I didn't say that the wired fence could not be used for an odd shaped lot. Sorry for the misunderstanding but, I was referring to the wireless one. If your lot is long and narrow it would not be the best choice. The wired ones are great. My friend and her parents both live on farms and have acreage so the wireless are not a problem for them since they have to much property.They can set their fence at the largest radius around the house and not have to worry that it will sent a signal past their property line. Like you I love my invisible fence no matter what brand!


----------



## DeanPhillips (Aug 17, 2013)

*Re: Invisible Fence vs.
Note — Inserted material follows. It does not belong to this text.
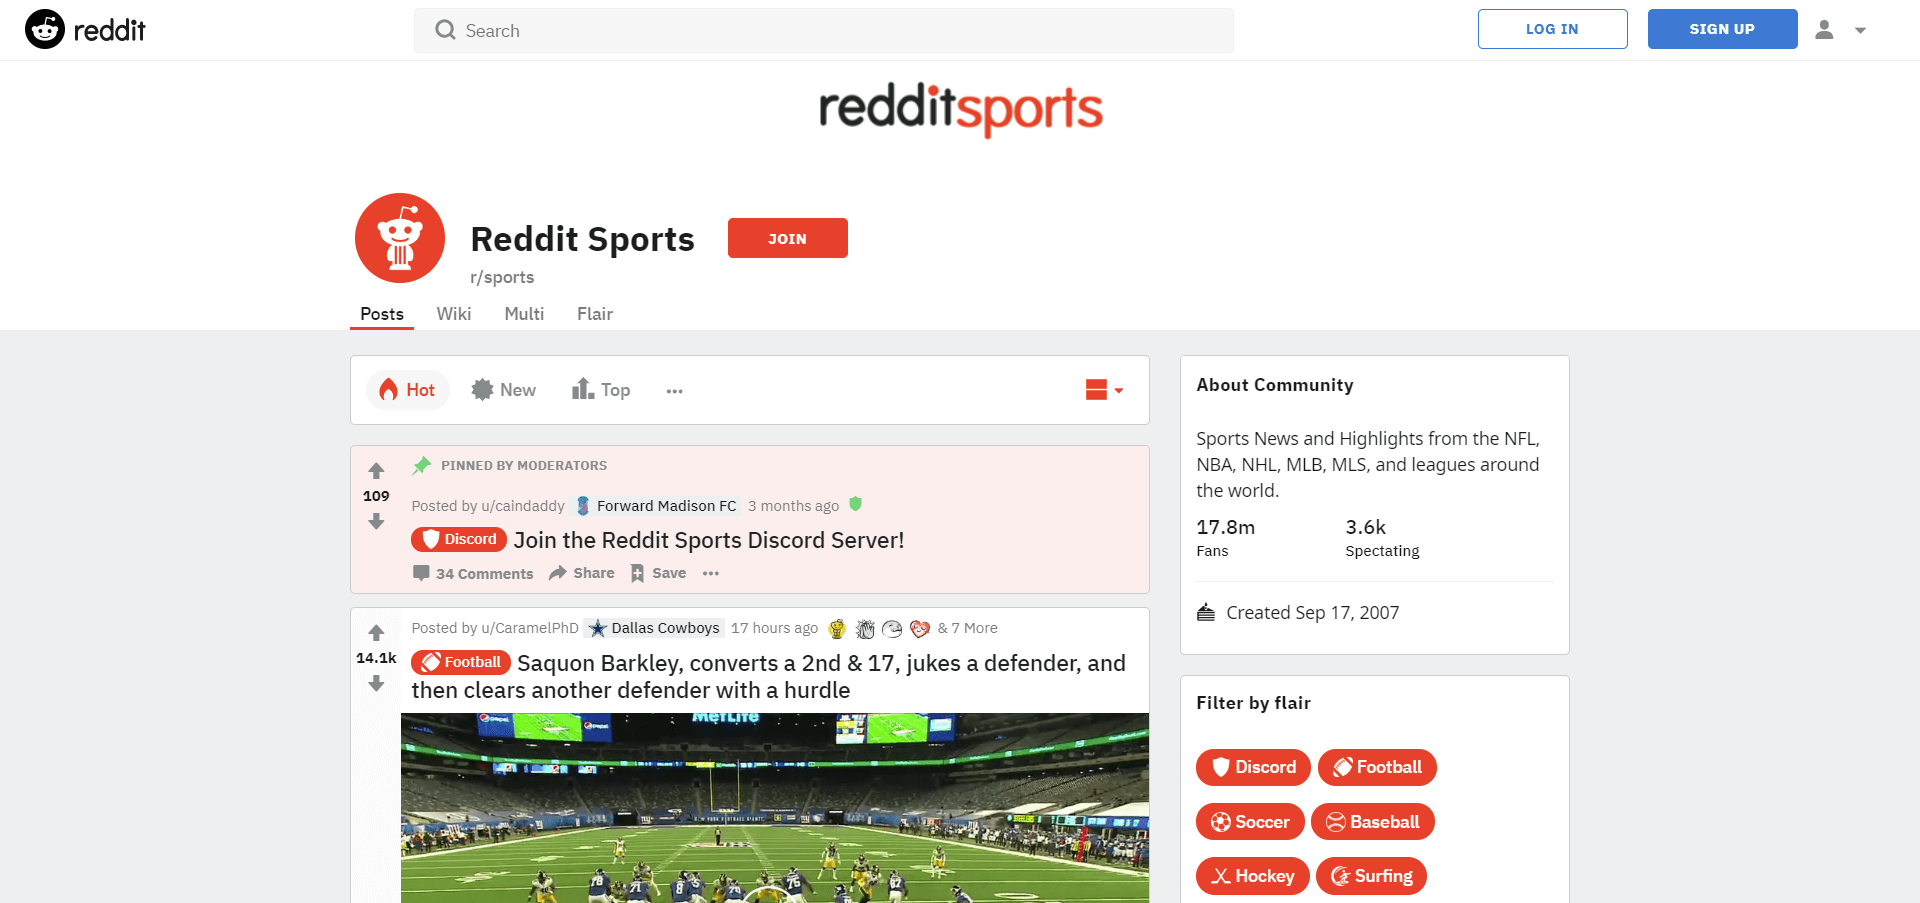 reddit sports main

Petsafe Sorry I bought the Petsafe*

I purchased one of the ultrasmart devices about a month and a half ago with full faith that it was a quality product. I had a rep. for Invisible fence come out to quote me as well. The price was very different between the two so I went with Petsafe Ultrasmart after I had read many reviews. The units were supposed to be state of the art. I am sorry i chose the petsafe product. It is anything but state of the art. 

The fence has been nothing but trouble. The Petsafe people have tried to blame everything including where i store bikes in the garage for why the unit does not work on one side of the yard. They have replaced the collars to not effect. They had me move the lines. The fact is that the units are not able to handle even the slightest amount of interference. My neighbor has an Invisible Fence brand fence and his works perfectly but it seems like the Petsafe units cannot work if there is an invisible fence anywhere near (50Ft) from where you want to put a Petsafe fence. This is a serious design flaw that makes the units of little value in a suburban settting. According to the Petsafe people you cannot use the unit if a neighbor has a different unit or possibly even the same type of unit as you. 

The bottom line is that the Petsafe Ultrasmart and according to the Petsafe people, all the petsafe product lines are not functional where they may be in the same area as a competing unit or any lines of any type including electric, cable, phone, etc.

I will be returning the unit this week. If anyone has an alternative to Invisible fence that actually works, I would love to know.


----------